Blanchard showed the heat of a man whose conscience was not entirely comfortable. "Just what is this _people_ idea that you're making so much of all of a sudden, Morrison? People as partners, people as judges--people--people--" Blanchard hitched over the word wrathfully.
"People be damned?" inquired Stewart, with a provocative grin.
"There's too much of this soviet gabble loose these days. It all leads to the same thing, and you've got to choke it for the good of this government!"
"Right you are to a big extent, Blanchard! But just now we are talking of a vital problem in our own state and it has nothing to do with sovietism."
"But you spoke of making the people our partners!"
"I merely put the matter to you in a nutshell, for we'll need to be moving on pretty quick!" He glanced at the clock. He threw off his jacket and pulled on his coat.
"Partners how?"
"It will be explained in my official report, as chairman of the power and storage commission."
"I don't relish the rumors about what that report is likely to recommend."
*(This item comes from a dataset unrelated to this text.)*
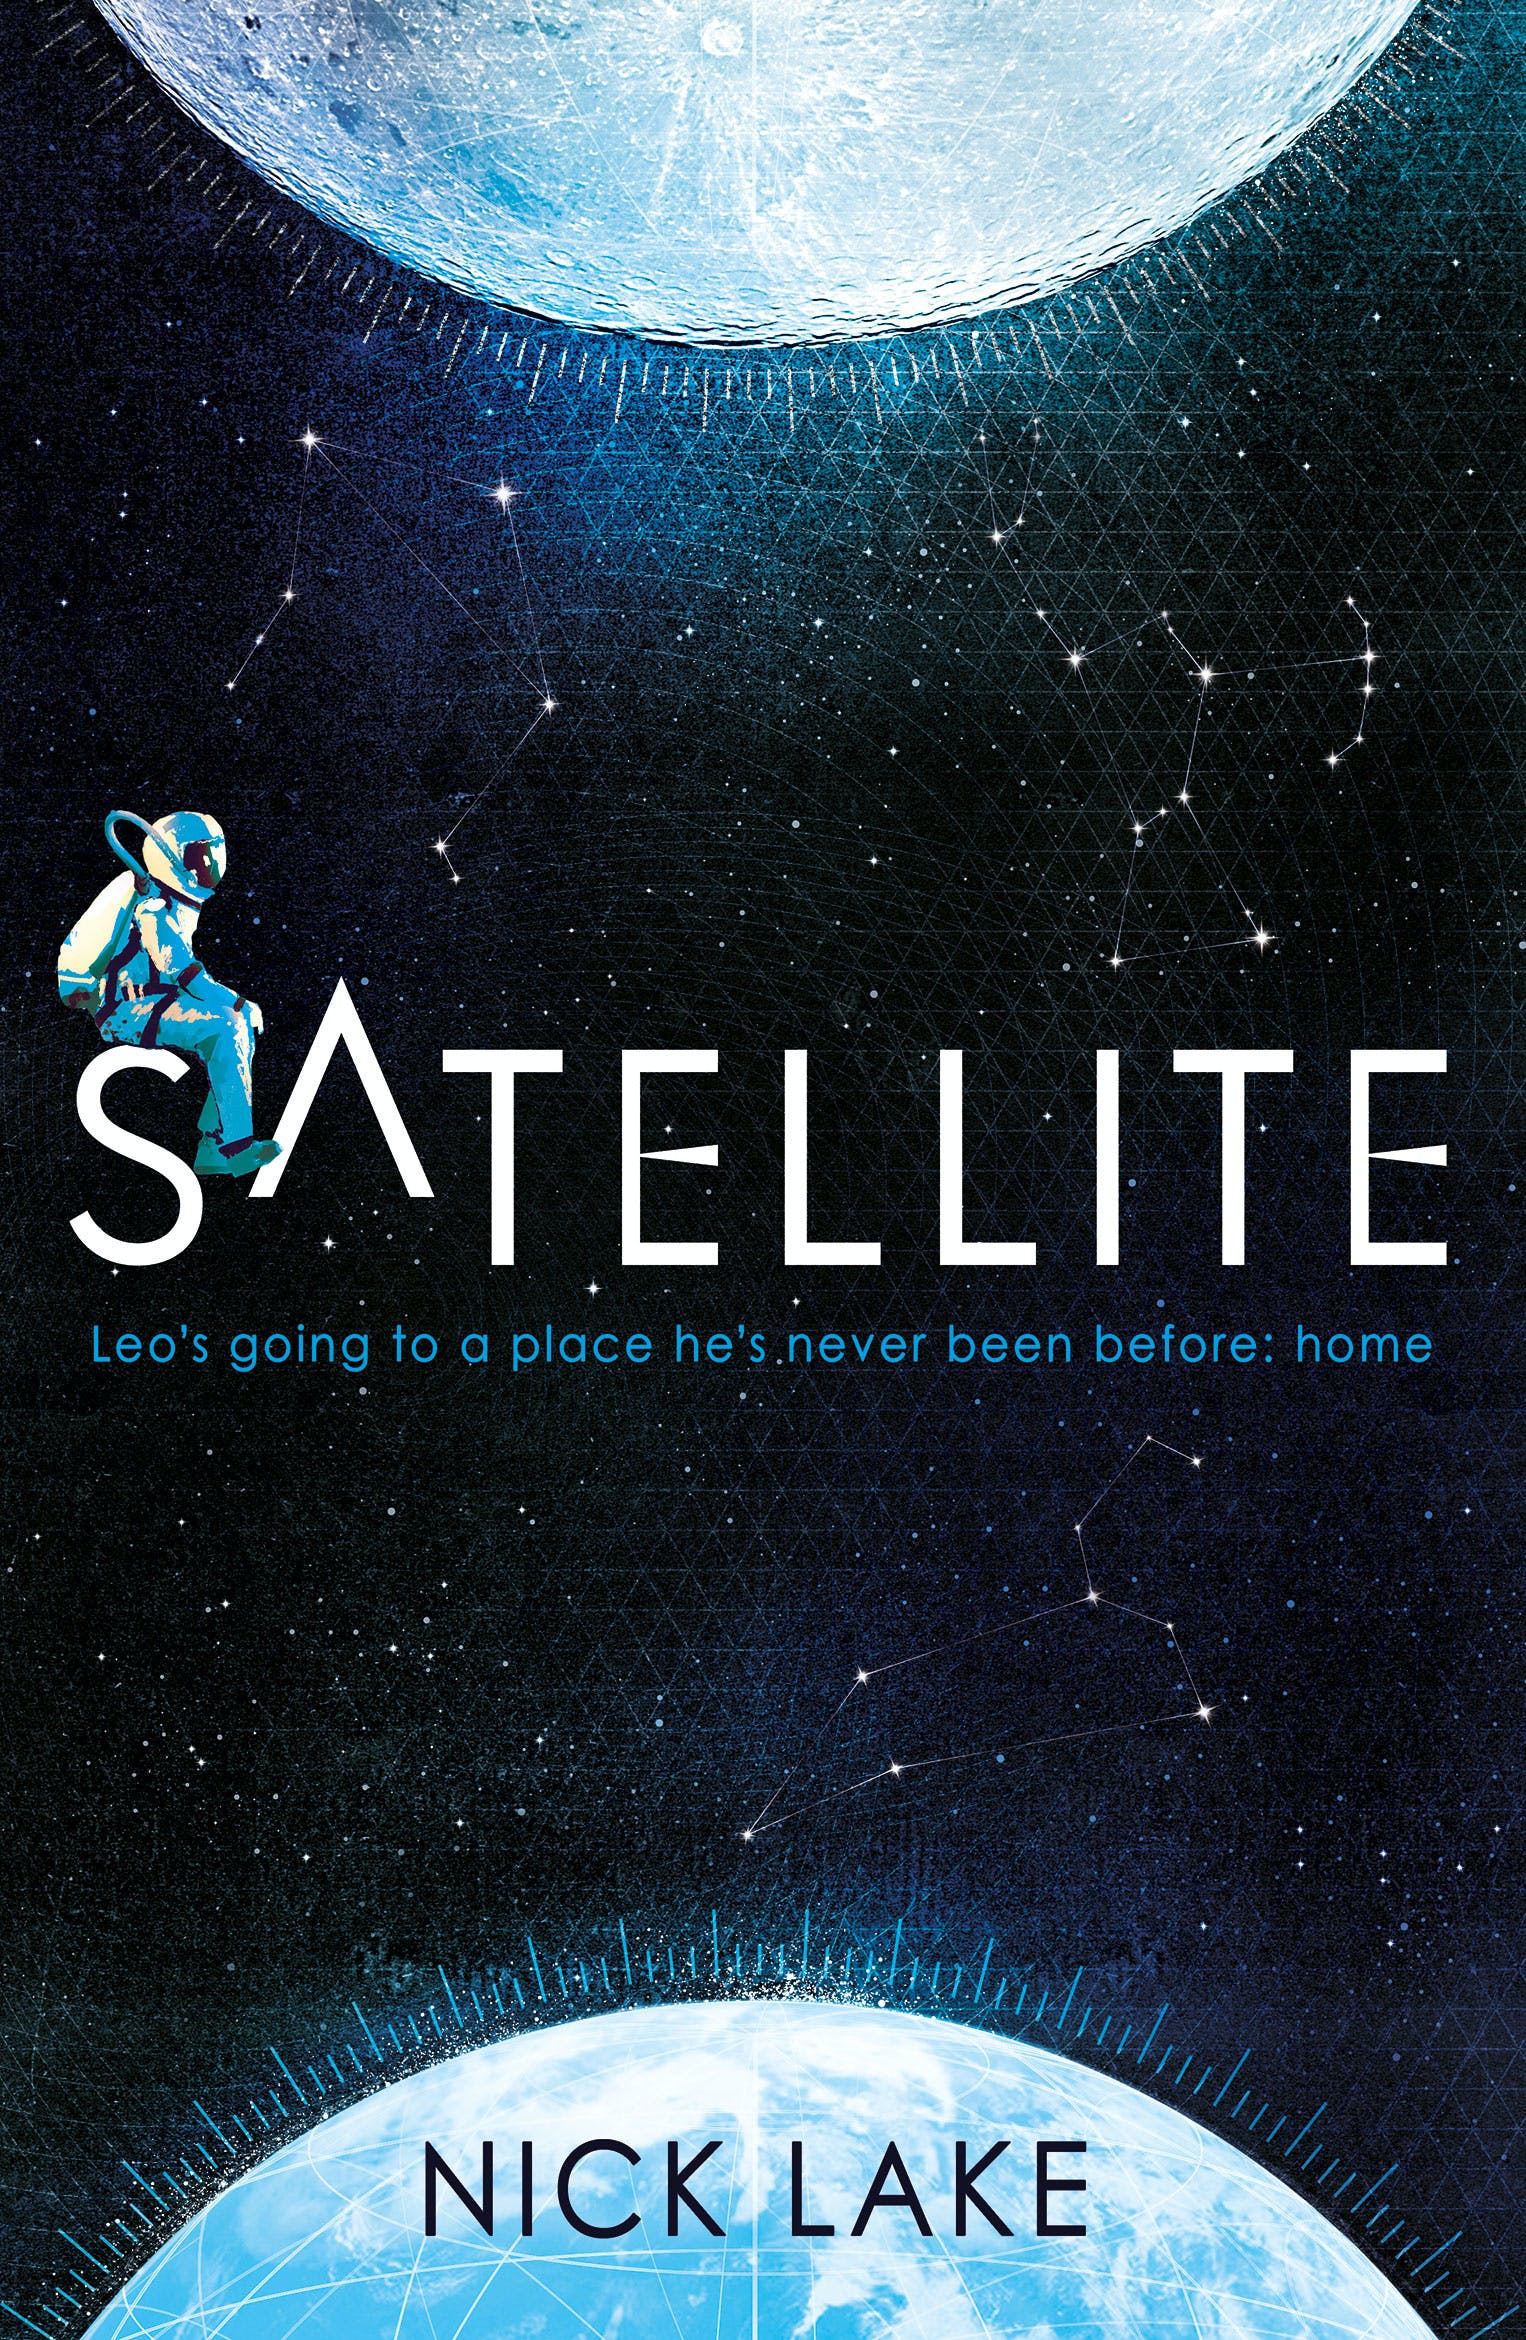 Cover of Satellite by Nick Lake.

"Rumors are prevalent, are they?"
"Prevalent, Morrison, and devilish pointed, too!"
"I suppose that's why the old horned stags of the lobby are whetting their antlers," surmised Morrison, giving piquant emphasis to his remark by a gesture toward a caribou head, a trophy of his vacation chase. "I have heard a rumor, too, Blanchard. Are they going to introduce legislation to abolish my commission and turn the whole water-power matter over to the public utilities commission?"
Blanchard flushed and said he knew nothing about any such move.
"I'm sorry that syndicate isn't taking you into their confidence," sympathized Morrison. "I know just how you feel. The boys who ought to train with me are not taking me into their conferences, either!"
"You spoke of coming down to cases!" snapped Blanchard, his uneasy conscience getting behind the mask of temper. "I don't ask you to reveal any official report. But can you tell me what this 'people-partners' thing is?"